Mesquite Virtual Learning
The Virtual Learning Center at First UMC, Mesquite, Texas, can accommodate 16 students in grades 1 through 4. (Photo Courtesy of North Texas Annual Conference).
COVID-19’s far-reaching impact on society has been felt since early spring. For families with school-aged children, that meant many working parents having to balance their professional roles while ensuring their children were learning in a new home-school environment.
Back-to-school season ramps up in August each year, and 2020 is no different. But as plans to reopen schools to in-person learning are subject to change daily, one North Texas Conference church has devised a plan to simultaneously allow parents to return to their jobs without worrying how best to satisfy the educational needs of students.
First UMC Mesquite has developed the Virtual Learning Support Center, which will accommodate 16 students in grades 1 to 4. The space, three dedicated classrooms on the second floor of the church’s Family Life Center, will give students the ability to log in each morning to whatever school district they’re from and complete assignments with the assistance of a volunteer facilitator. An additional room will be set aside for extension activities, such as art class.

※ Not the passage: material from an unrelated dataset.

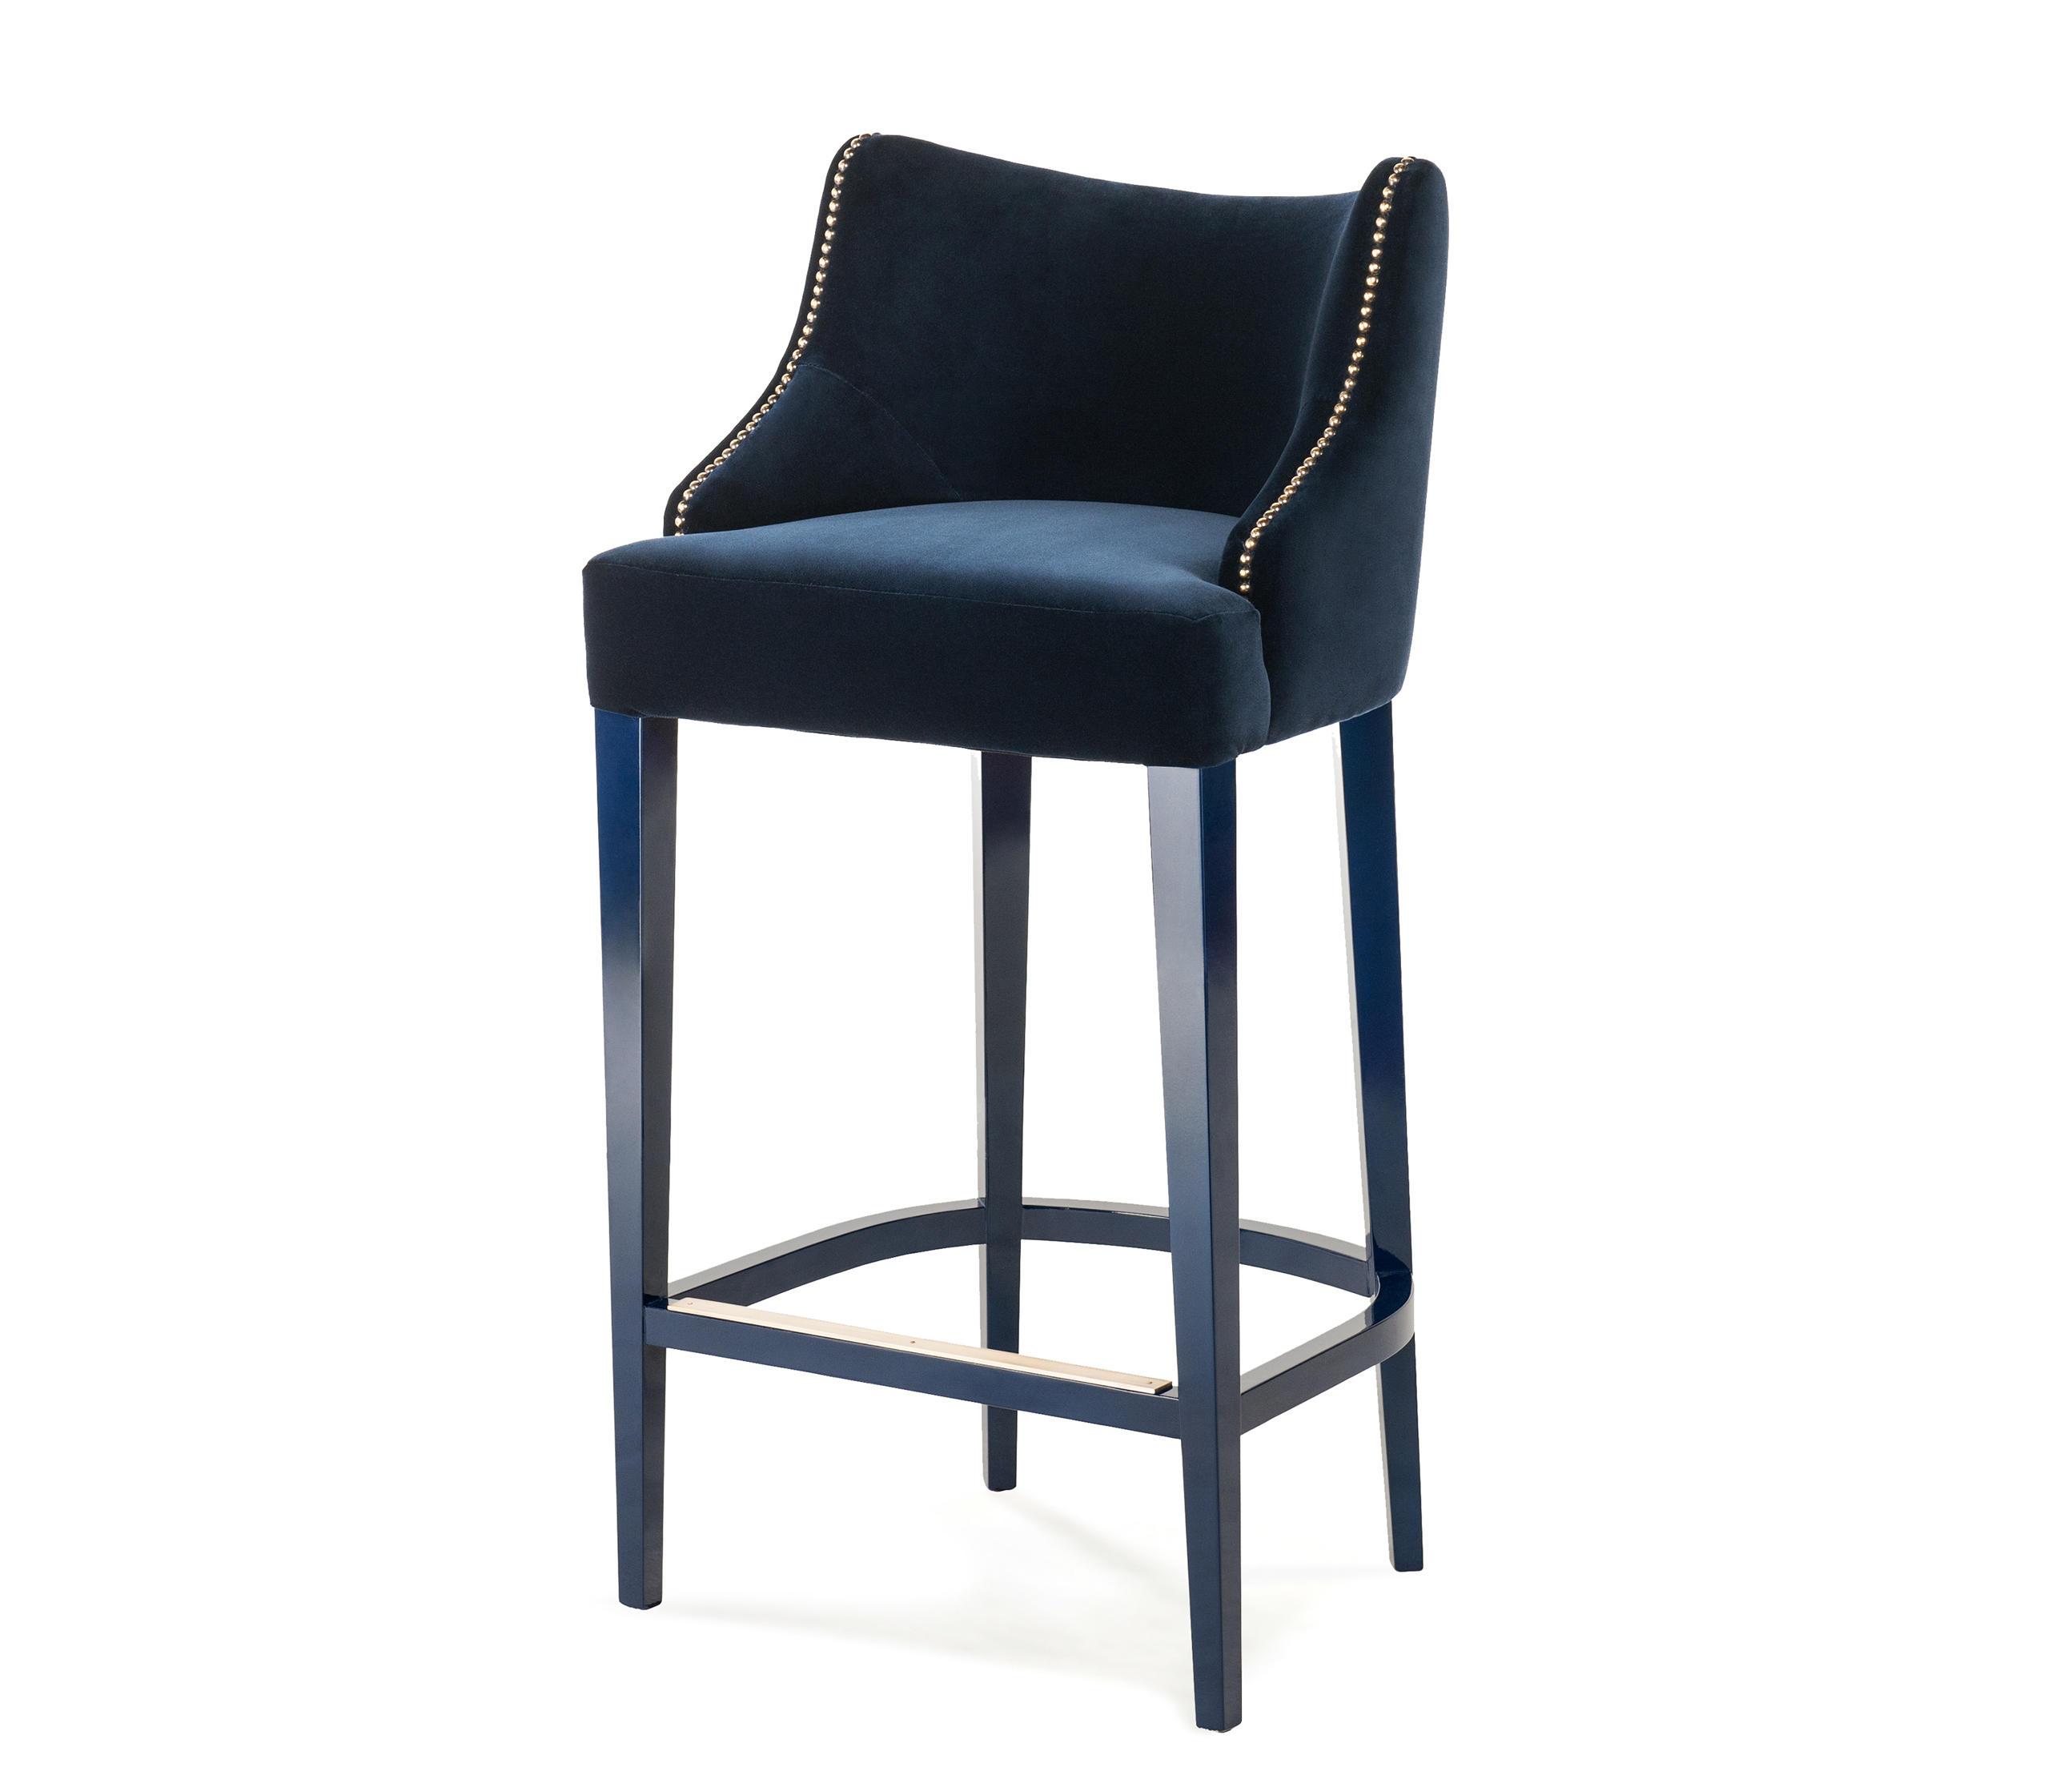 Becomes me bar stool barhocker von munna architonic for Barhocker englisch

“Our church’s mission is threefold: love God, love our neighbors and serve the community,” Rev. Tom Palmer said. “And ever since the word got out, we’ve heard from a number of people who say this has been an answered prayer.”
Bonnie Canipe was a classroom teacher for 35 years, teaching 1st, 2nd and 3rd grades. She retired from Mesquite ISD after 19 years of service.

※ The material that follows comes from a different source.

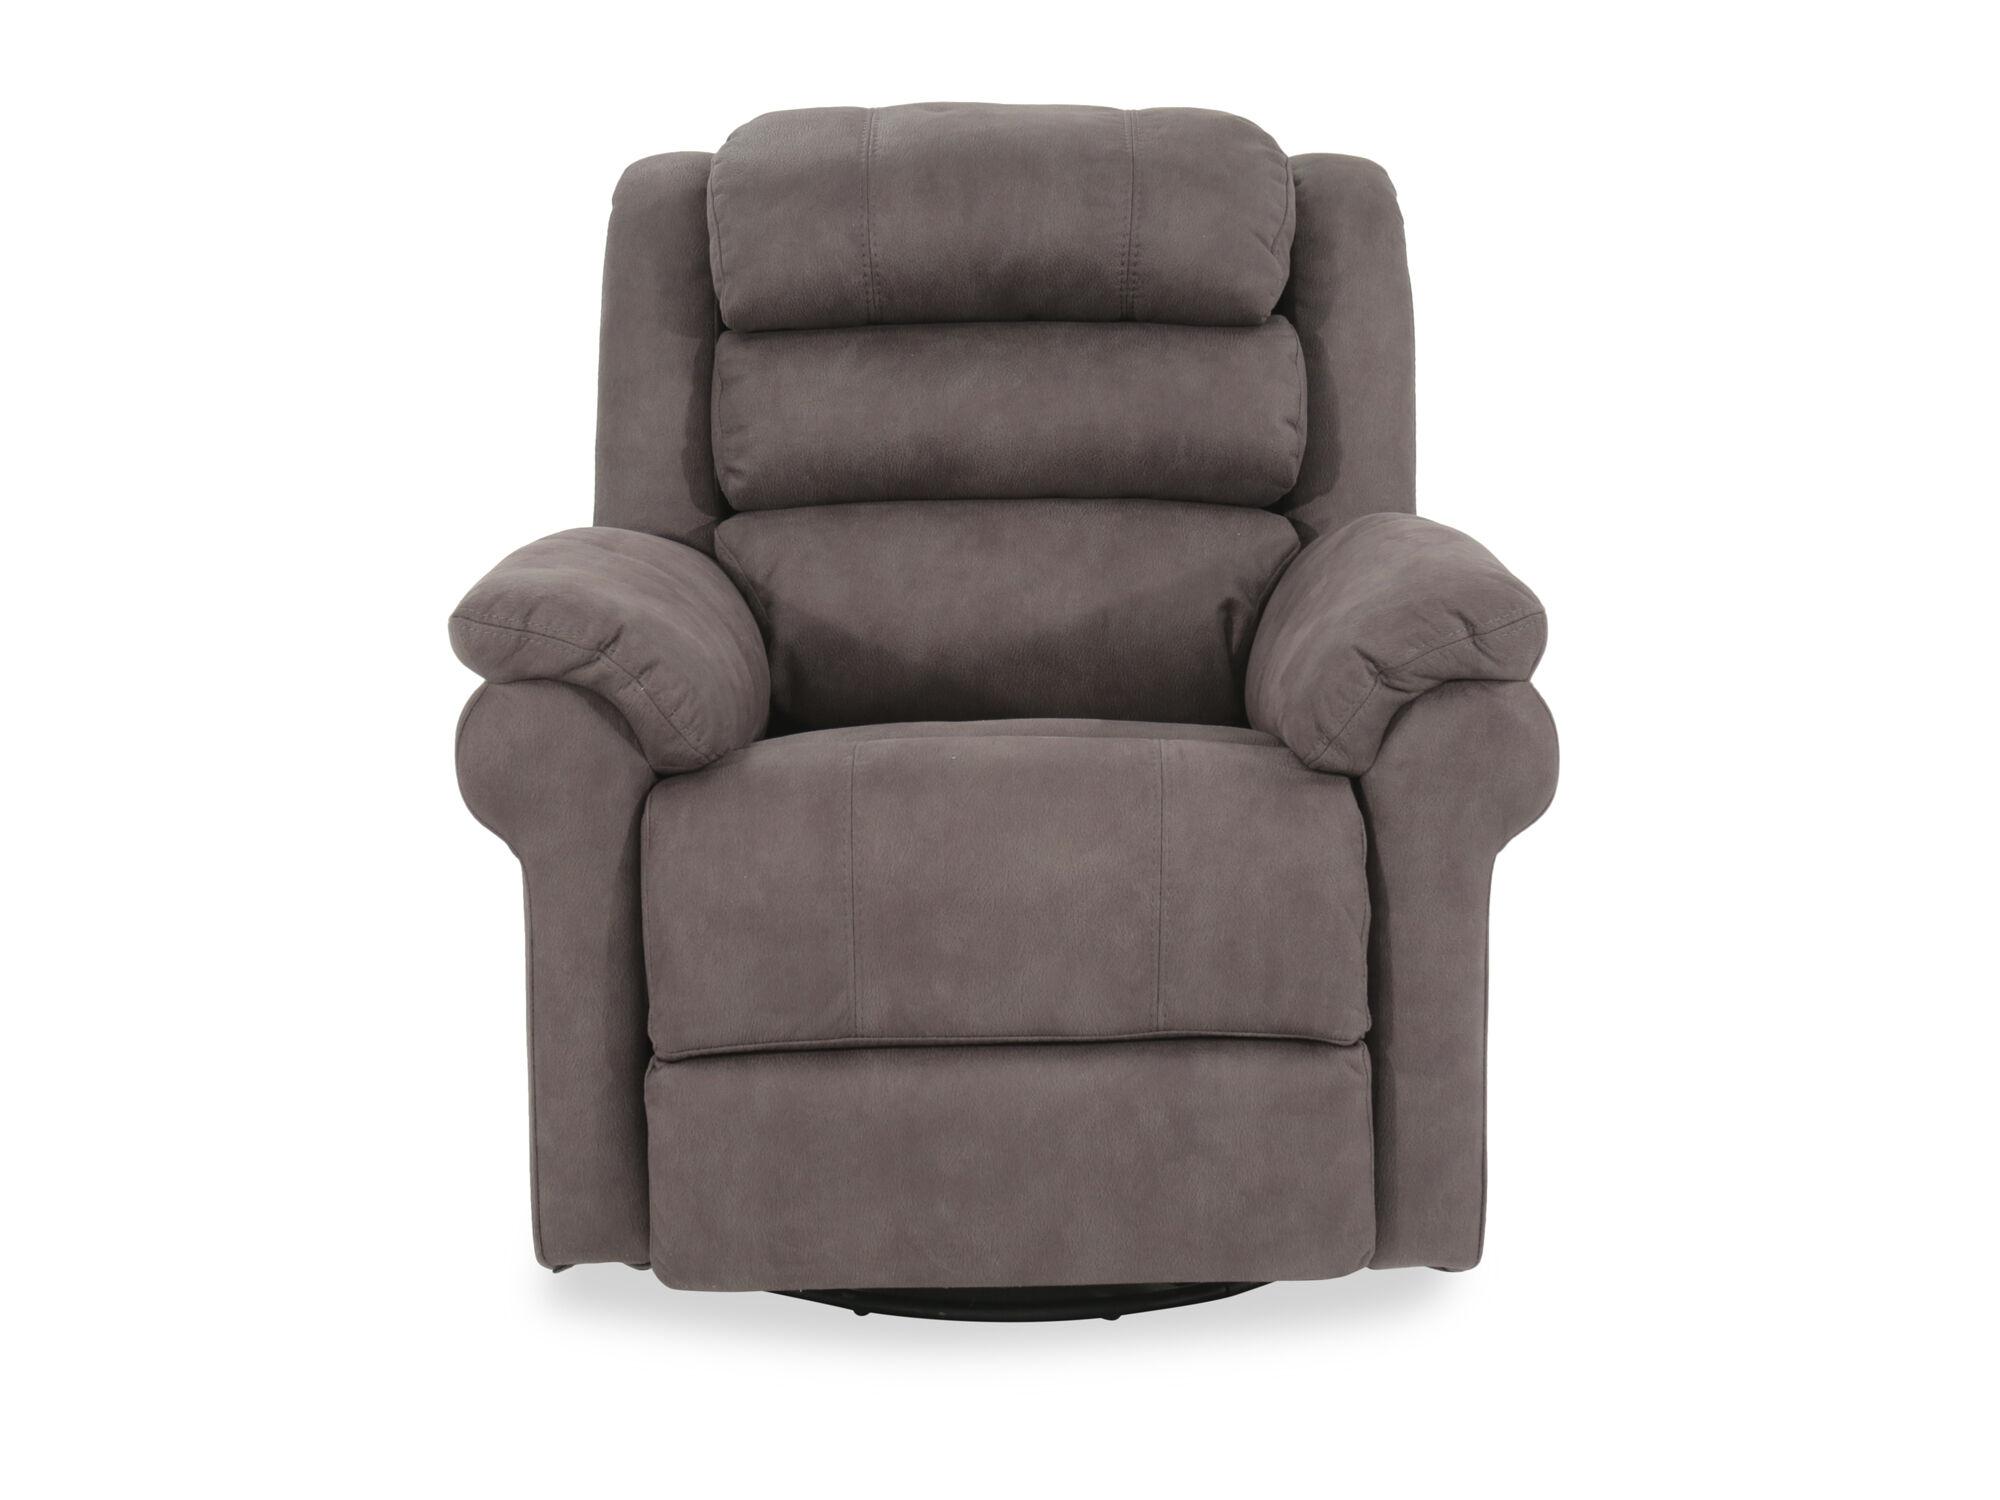 recliner chair covers grey beach cooler backpack boulevard gray power swivel glider mathis

She was brought on in March 2019 as executive director of Faith Preparatory, a private kindergarten program at the church that was supposed to launch last school year. It was decided to delay that opening until August 2020 … “and then COVID-19 hit,” Rev. Palmer said.
Students are enrolled for the inaugural class at Faith Preparatory, which was born out of conversation a few years ago about how best to utilize underused space. Canipe’s research was equally pivotal when discussion began about the church’s response to COVID-19 and how it can best serve the community.

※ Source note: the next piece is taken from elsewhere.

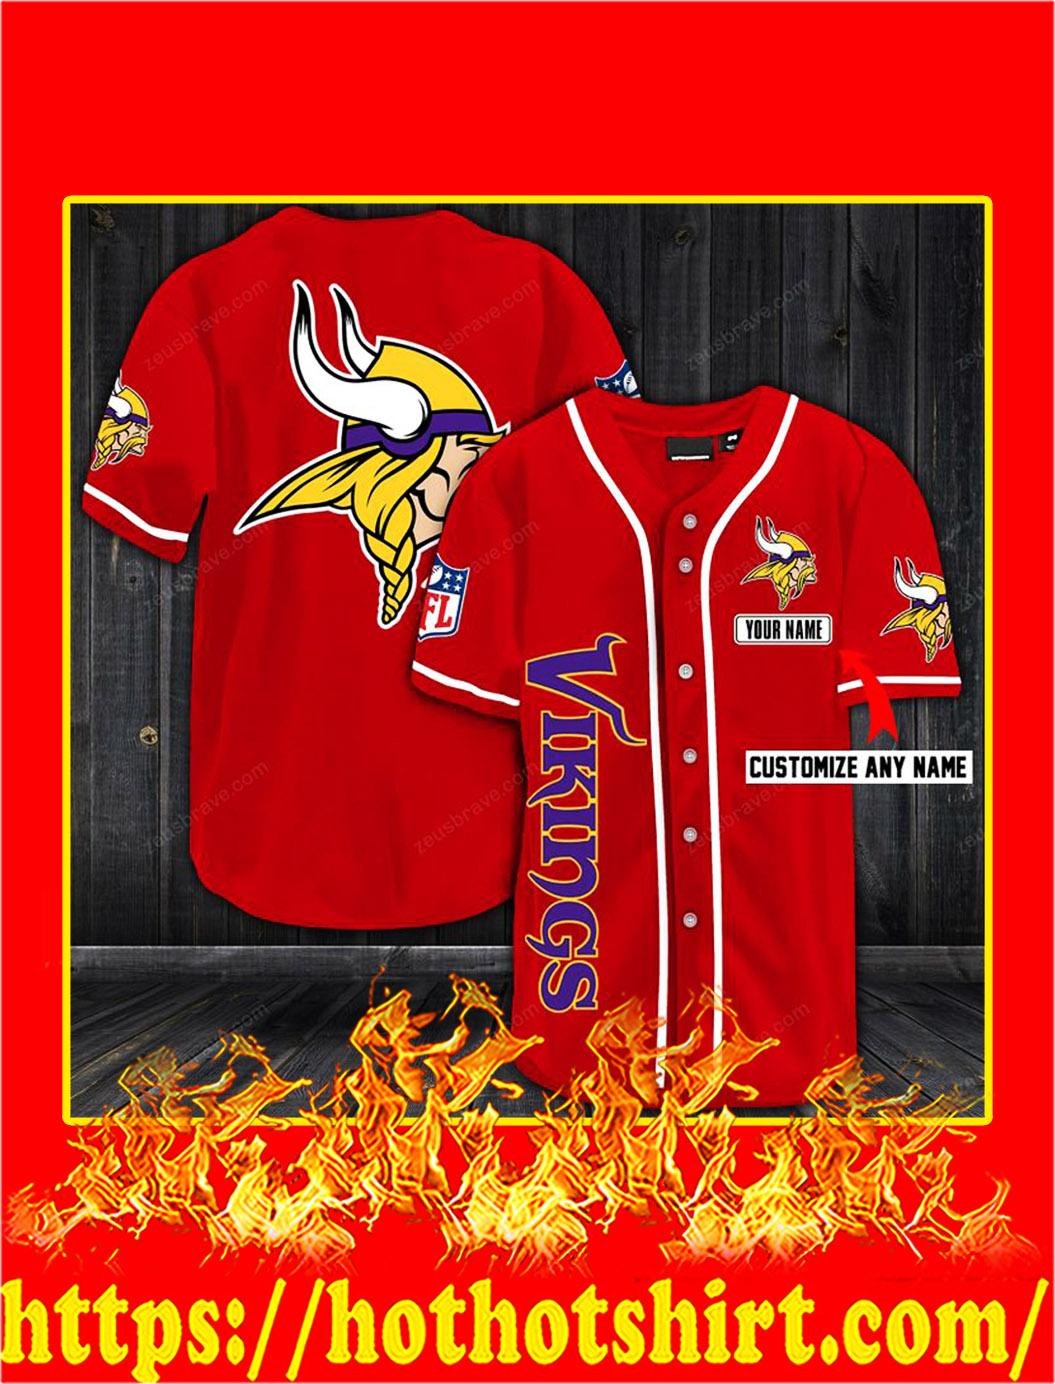 Customize name minnesota vikings hawaiian shirt- red

“We’re here for them,” Canipe said. “We’re doing our best to reach out to our community – members and nonmembers, the churched and unchurched – and want to serve everyone’s needs as best we can.”
On a recent Zoom call convened by the Center for Missional Outreach focused on how to be ministry partners with schools as they seek to reopen – virtually or in-person – both Rev. Palmer and Canipe encountered others with similar ideas. Having already decided to offer the VLSC at First UMC Mesquite, they were able to answer questions and talk through the technical aspects of such an undertaking.
What advice does Rev. Palmer have for churches?
“Take your programs and start looking at the edges and what the spinoffs could be – be creative on the edge,” he said. “This is part of Faith Preparatory, but it’s on the edge of it. We’re not creating a need, but we’re serving how best we can to satisfy a need that’s there.”